1) Get yourself a small bottle of methyl hydrate and a toothbrush. The flux residue in the solder often leaves a buildup around solder joints that can make it difficult to detect unintended solder bridges by visual inspection. The methyl hydrate will quickly dissolve the flux residue and get it out of the way. I find this particularly handy when working on boards with cramped connections...and pad-per-hole boards are a prime candidate.
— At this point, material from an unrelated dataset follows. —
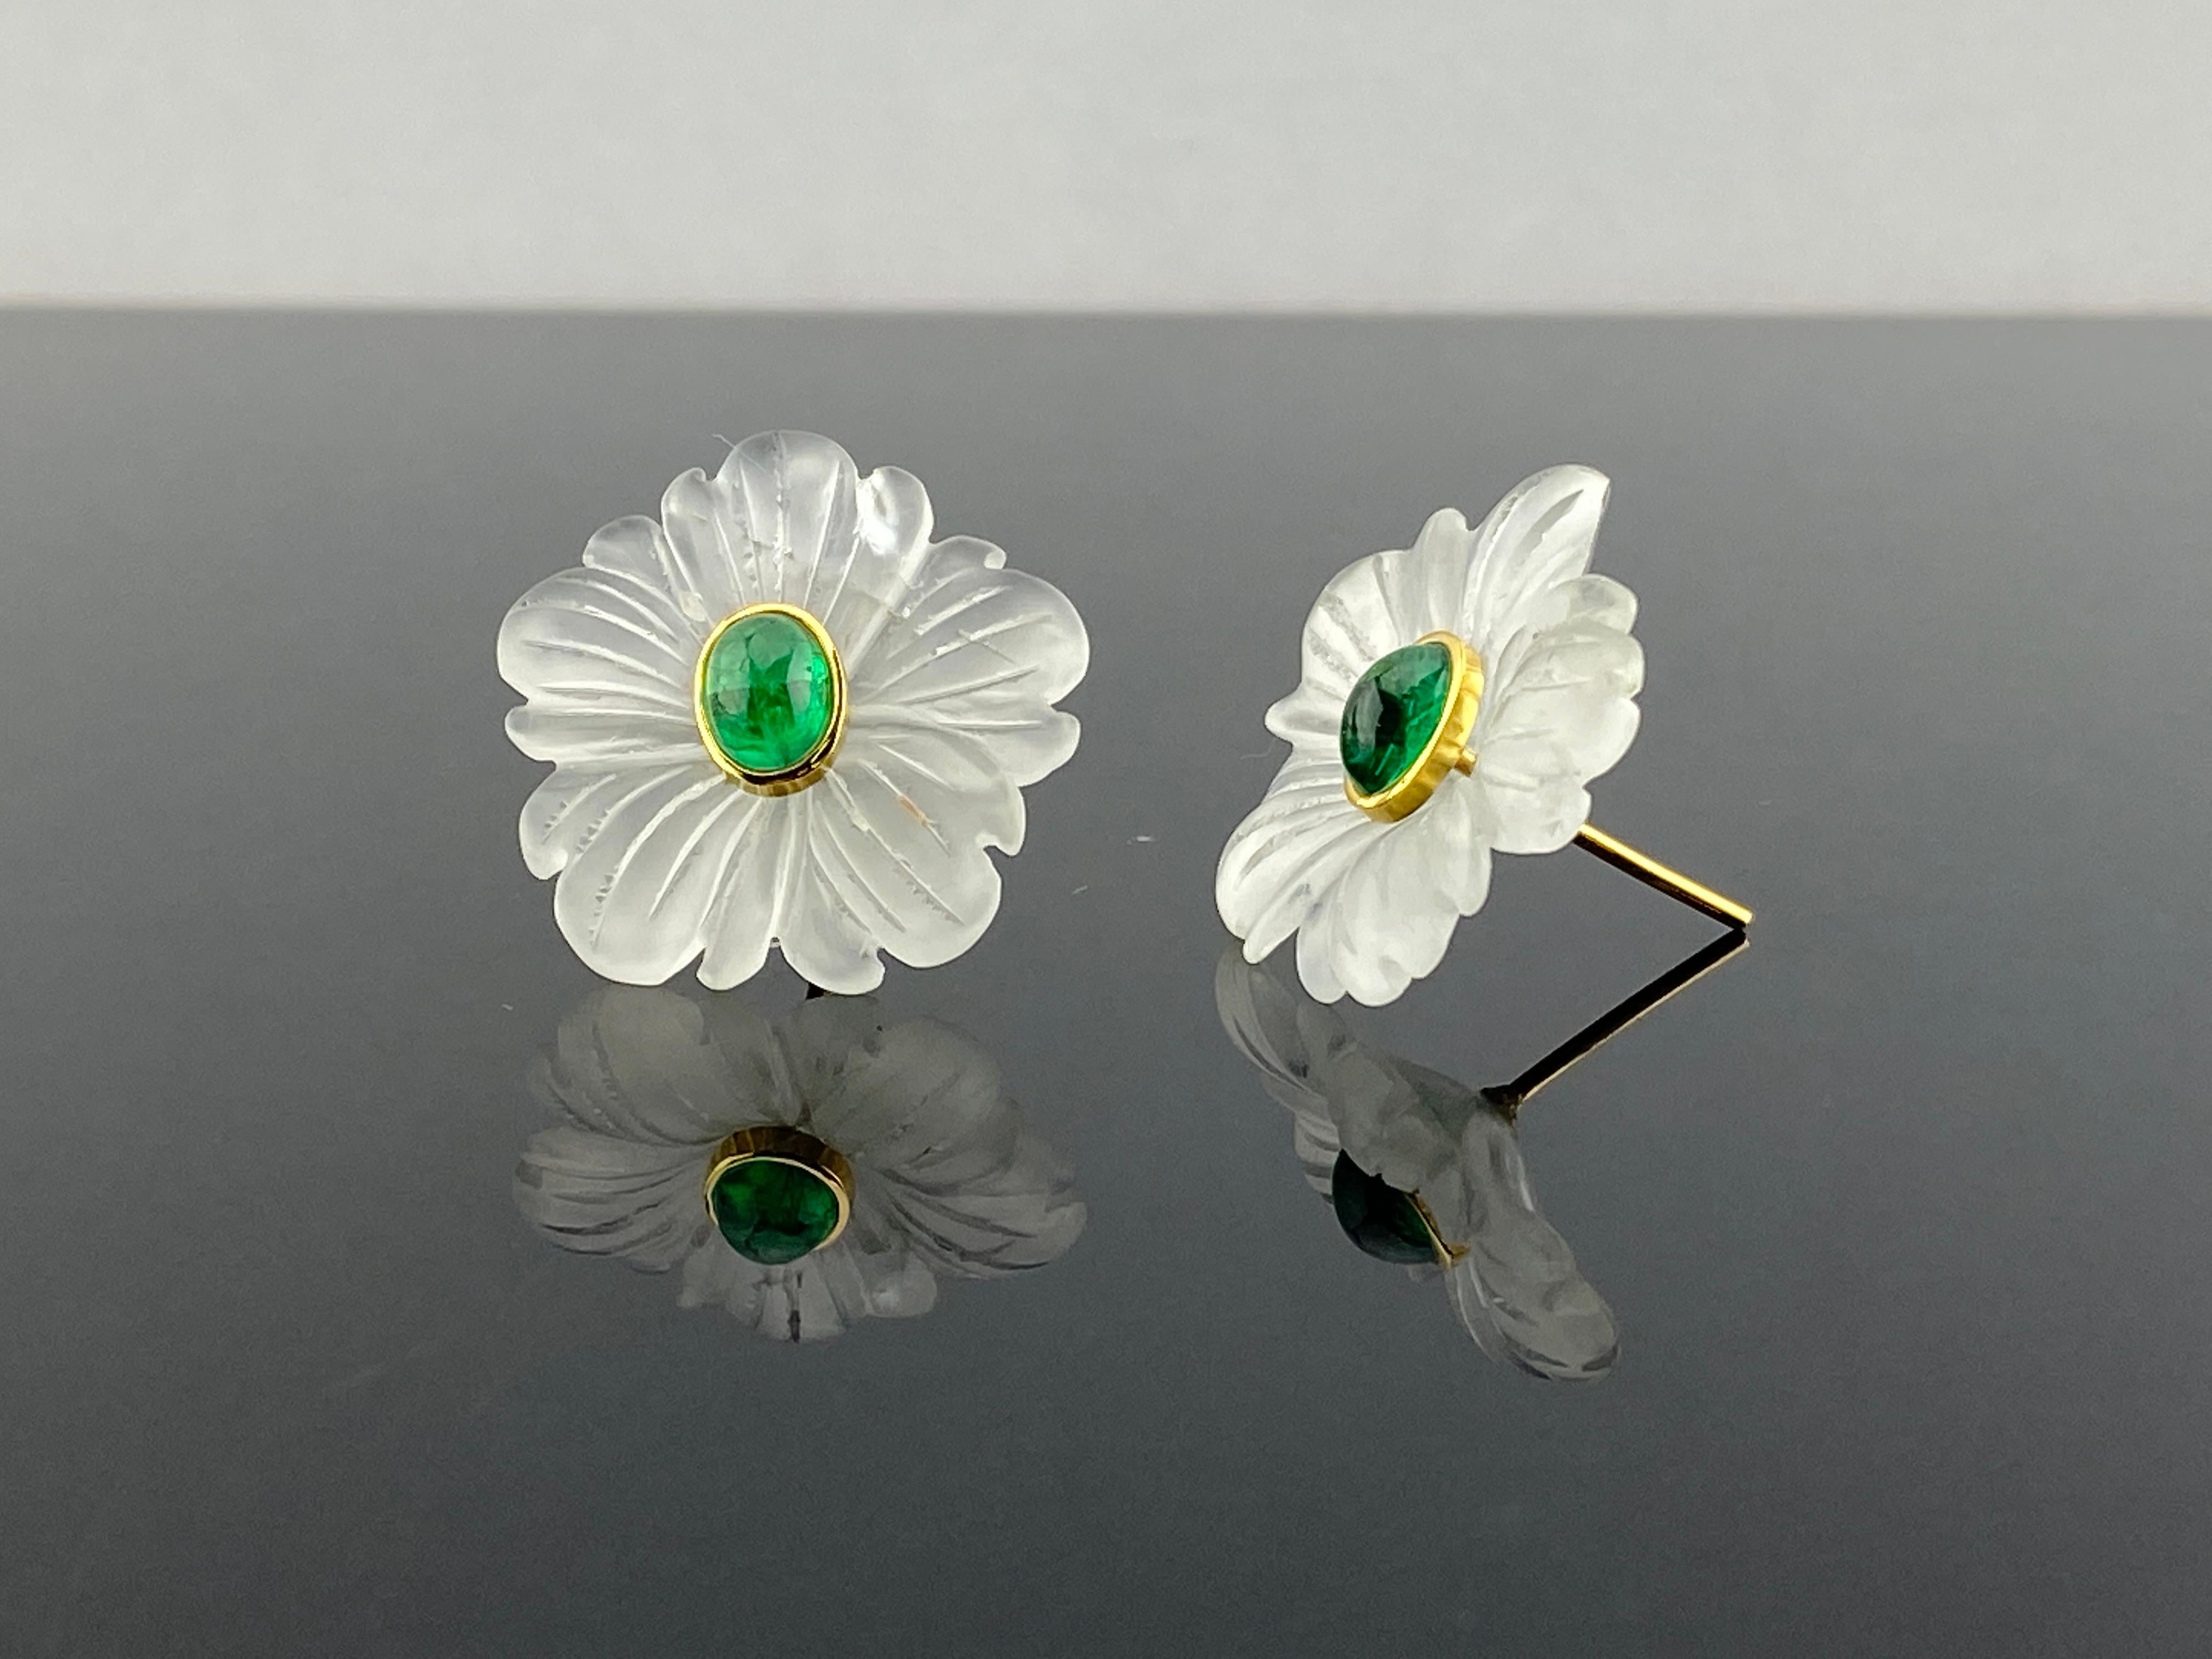 This earring is made from rock crystal as the petals of the flower and has emeralds set into the center with 18K gold. This pair of earrings adds another floral element of to your summer outfits as its great for daytime wear with just casual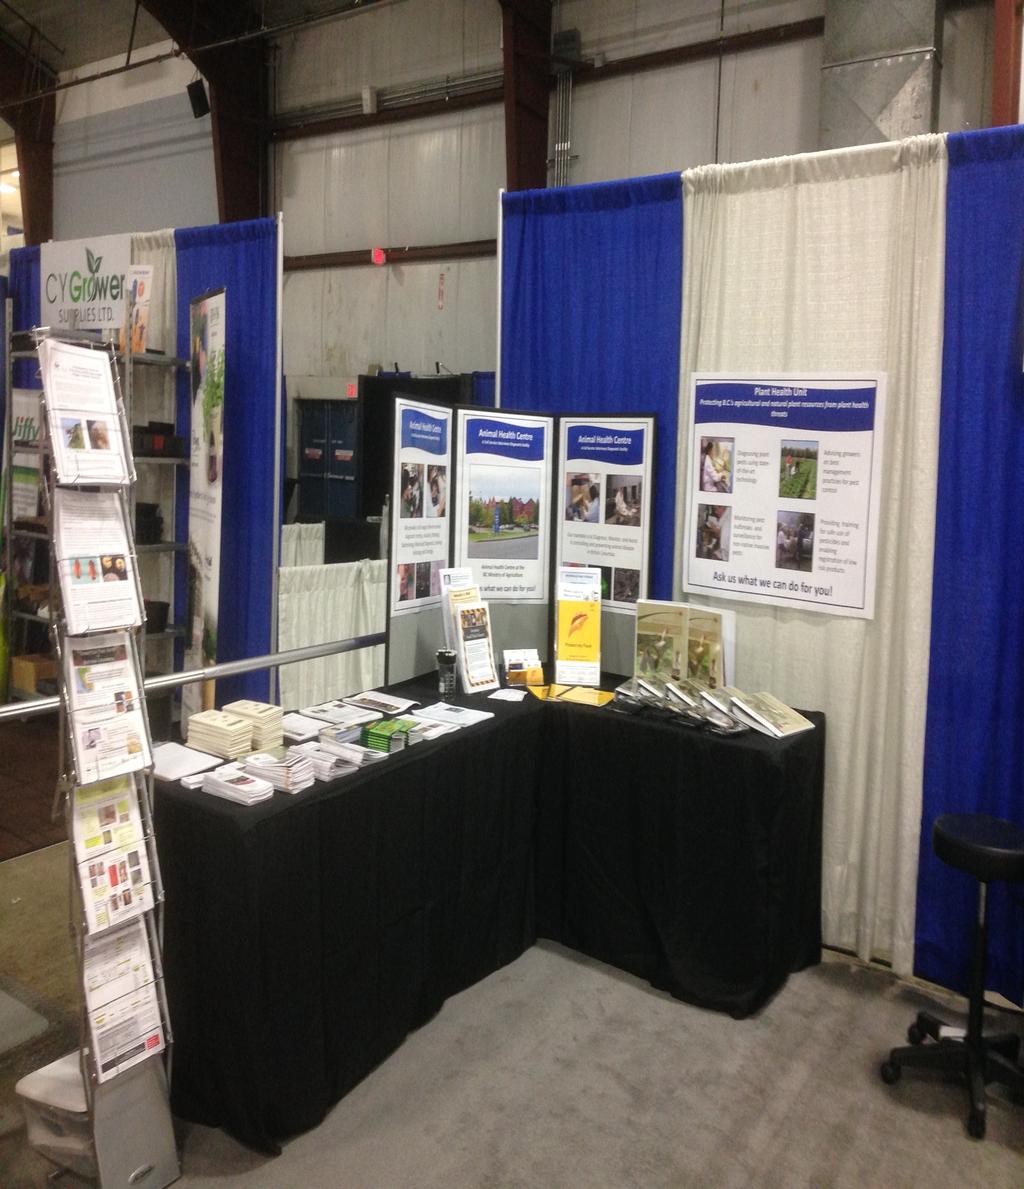 Page 6 February 2015 17th Annual Pacific Agriculture Show January 29-31, 2015 Abbotsford Tradex The 3-day event was attended by over 7,500 visitors and there was a record turnout of 300 exhibitor

2) Get yourself some heatshrink tubing that will fit around pot, switch, and jack lugs. "I don't understand. It worked before I boxed it up." is a very common complaint/frustration. There are many reasons why a working board goes AWOL upon installation, but some common reasons are that the wire fractures around solder joints in the twisting and turning of installation, or that a pot lug is shorting out against something (usually because the pot turned during the tightening of the outside nut). A small length of heatshrink around the solder joint on the lug provides strain relief for the wire to reduce strain-related fracture, and also insulates the lug should it butt up against something else during installation. The only downside is that (as I once again found out the other day), if you apply too much stress to a wire/lug joint it can still fracture but the heatshrinkcovers it up and holds the broken wire seemingly in place. So, it is a recommended practice, but there are limits to its miraculousness.

Nice build, though.


----------